### [YOUR ASSIGNMENT]
Output all of the data below without changing a word, and exclude the pictures.

### [INFORMATION SHOWN]
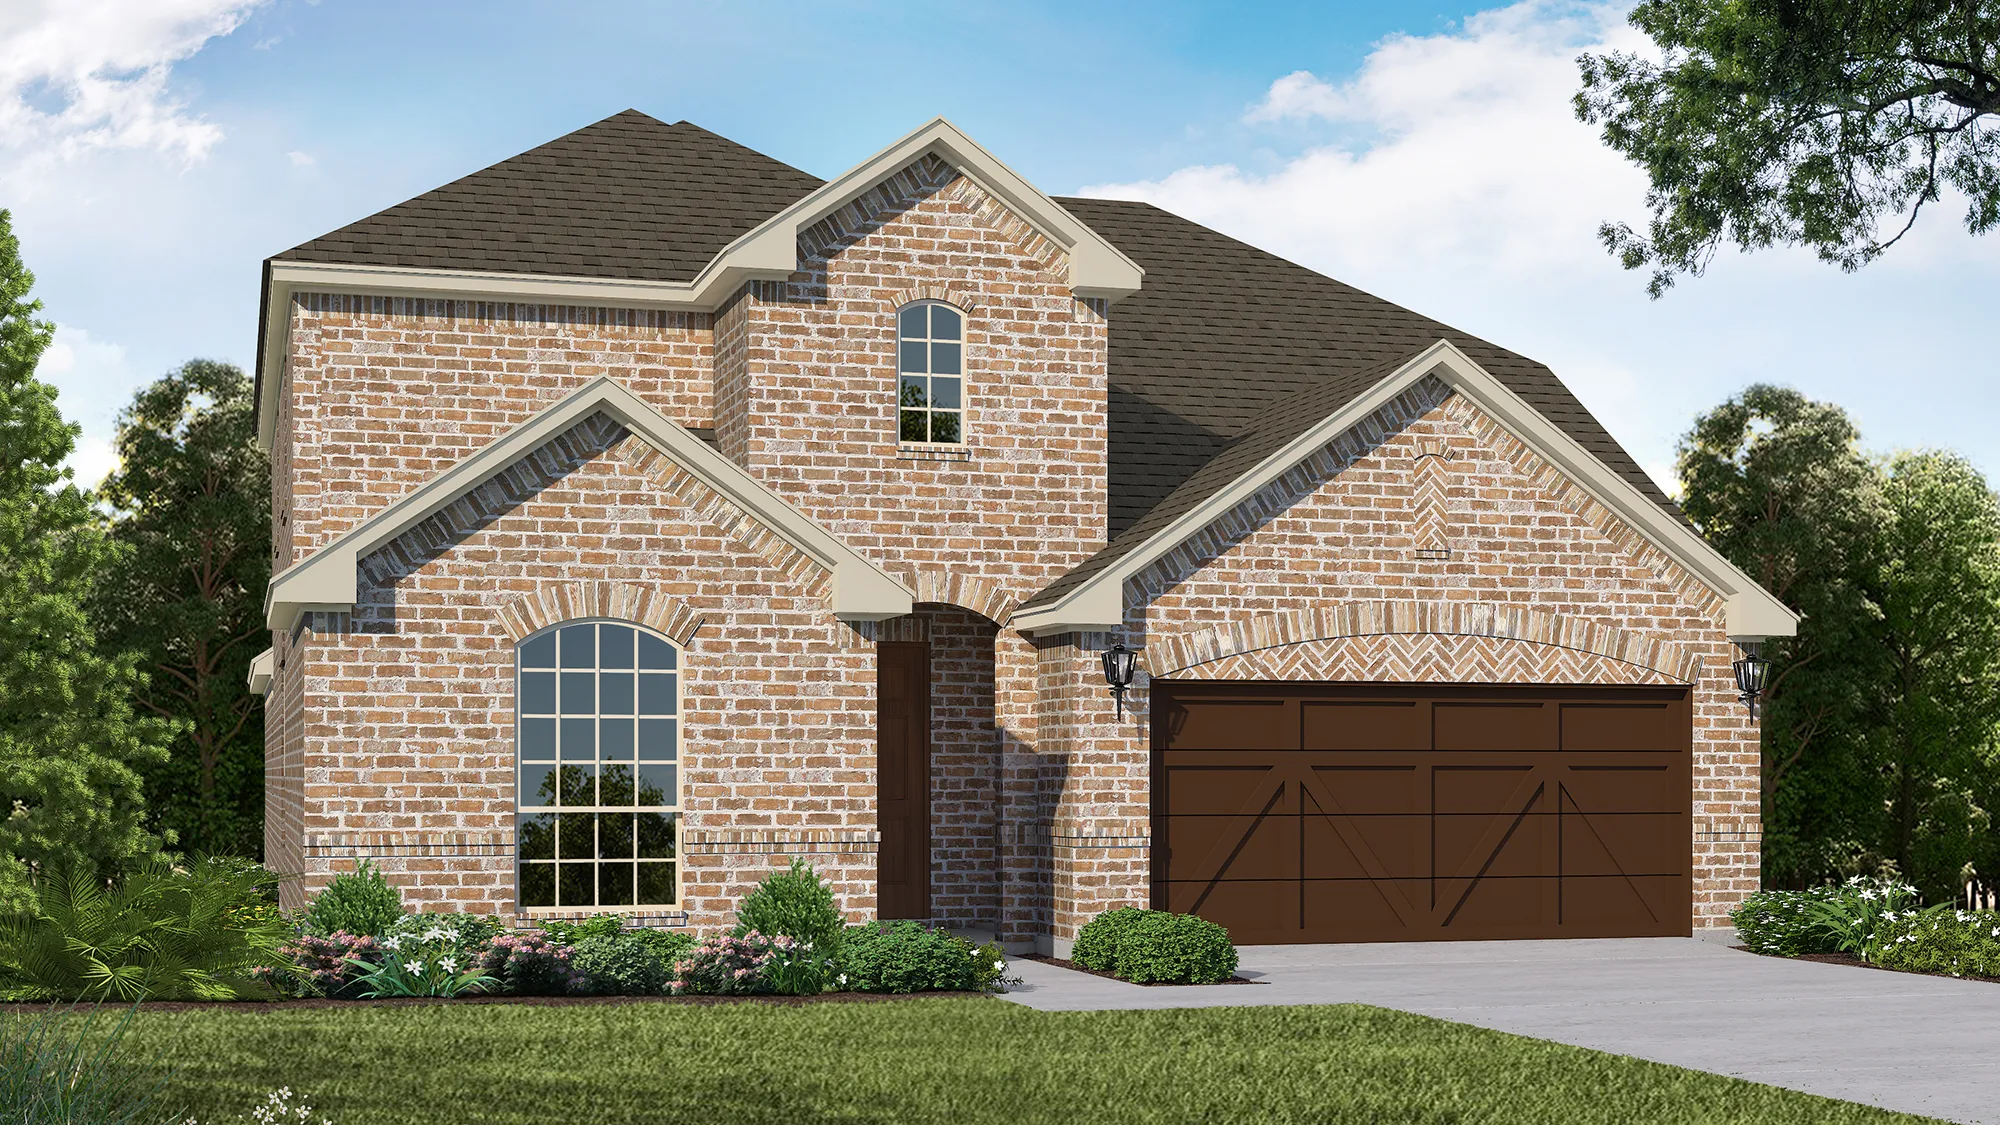 Plan 1525 Elevation A by American Legend Homes
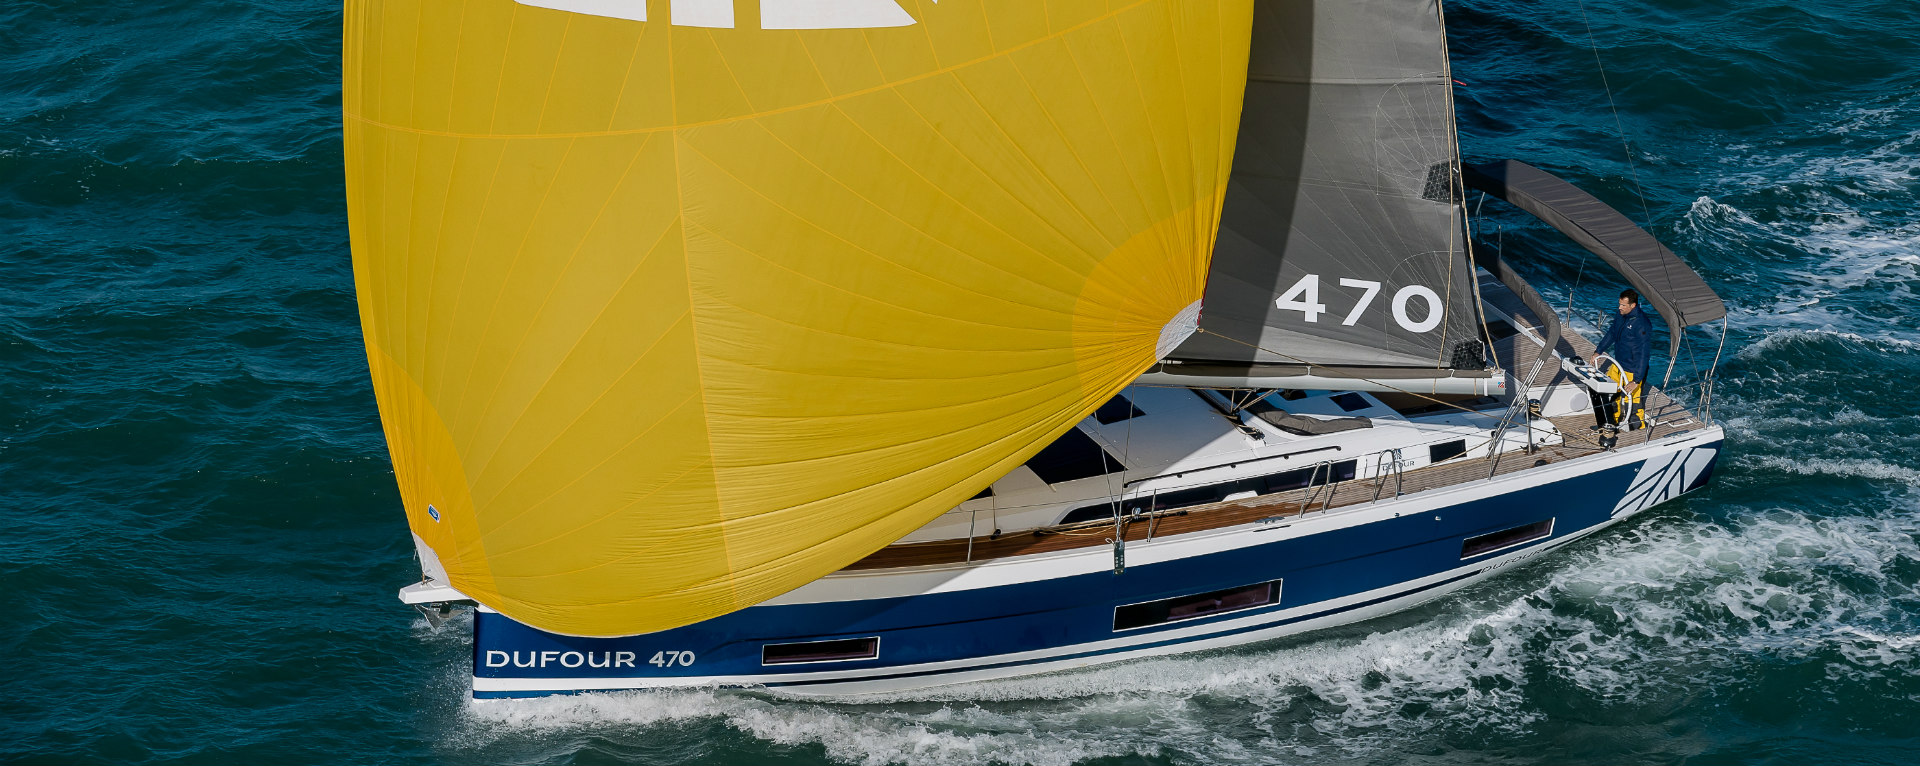 An exceptional cruising yacht 
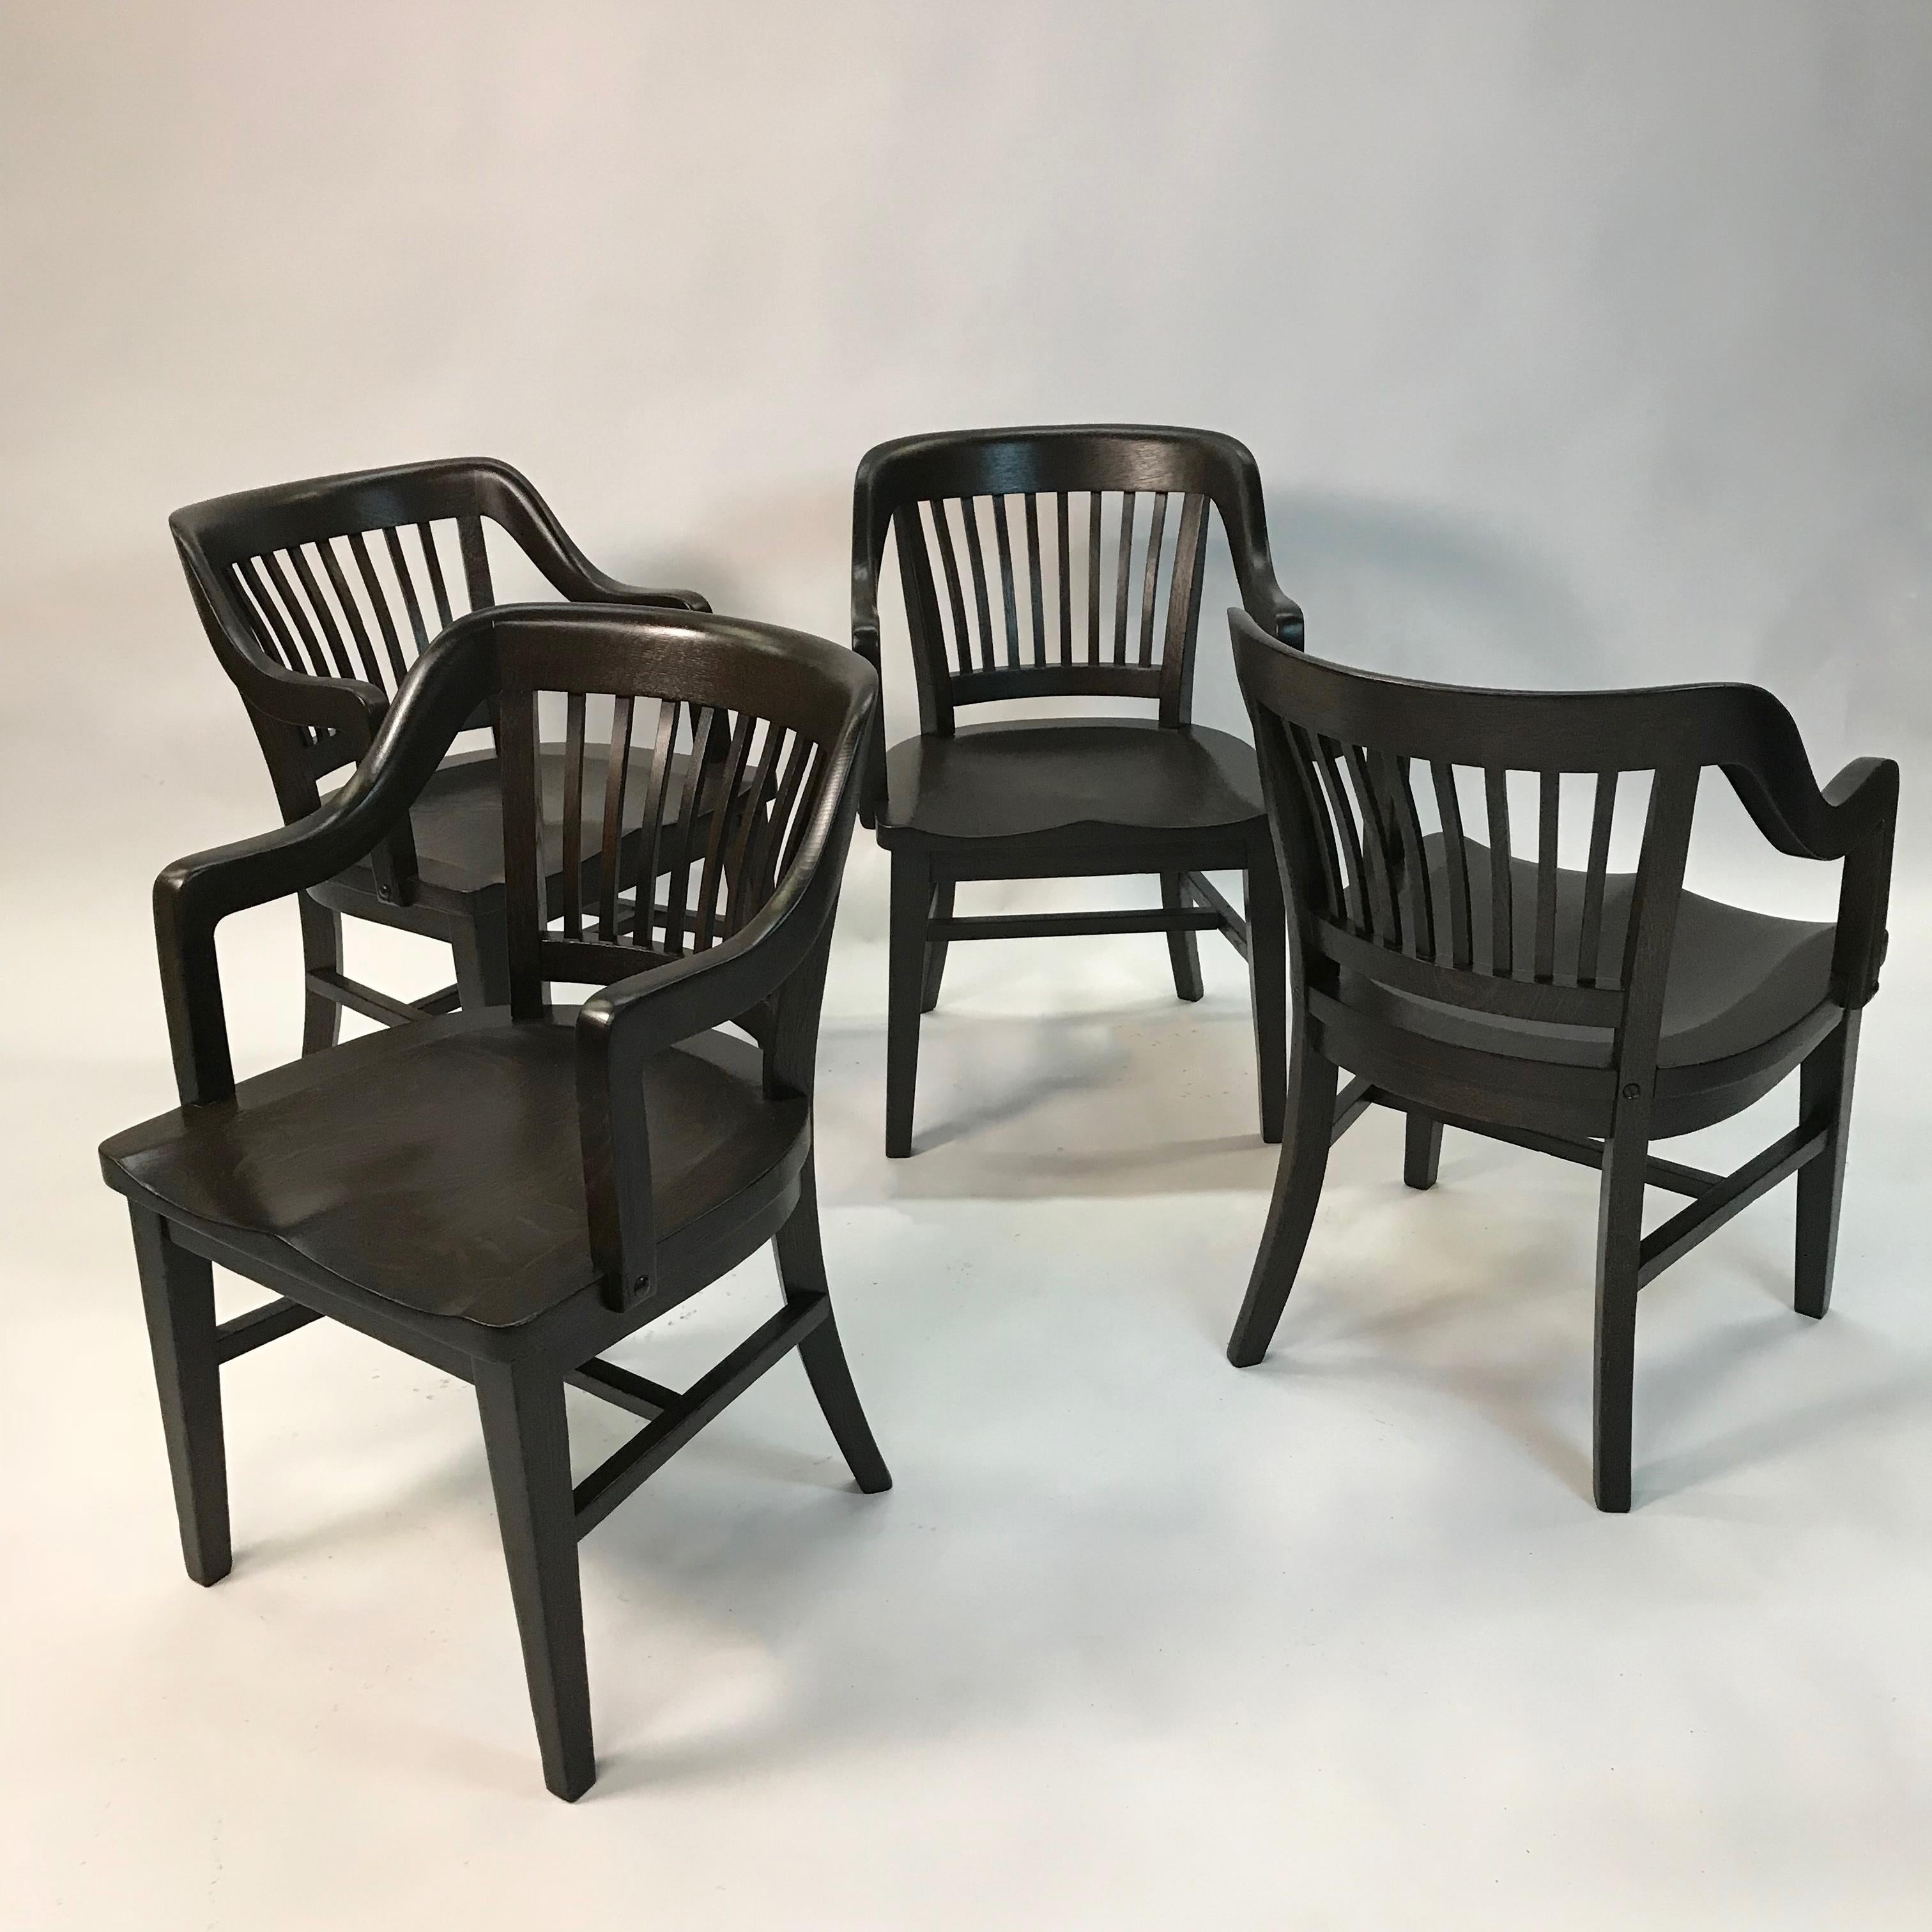 Handsome set of 4, midcentury, ebonized maple, bank of England, courthouse, juror armchairs feature molded seats and an arm height of 27 inches. The chairs are interesting as they sport a more boxy frame than the typical bank chair.

### [EXERCISE RESULT]
 Plan 1525 Elevation A by American Legend Homes
 An exceptional cruising yacht 
 Handsome set of 4, midcentury, ebonized maple, bank of England, courthouse, juror armchairs feature molded seats and an arm height of 27 inches. The chairs are interesting as they sport a more boxy frame than the typical bank chair.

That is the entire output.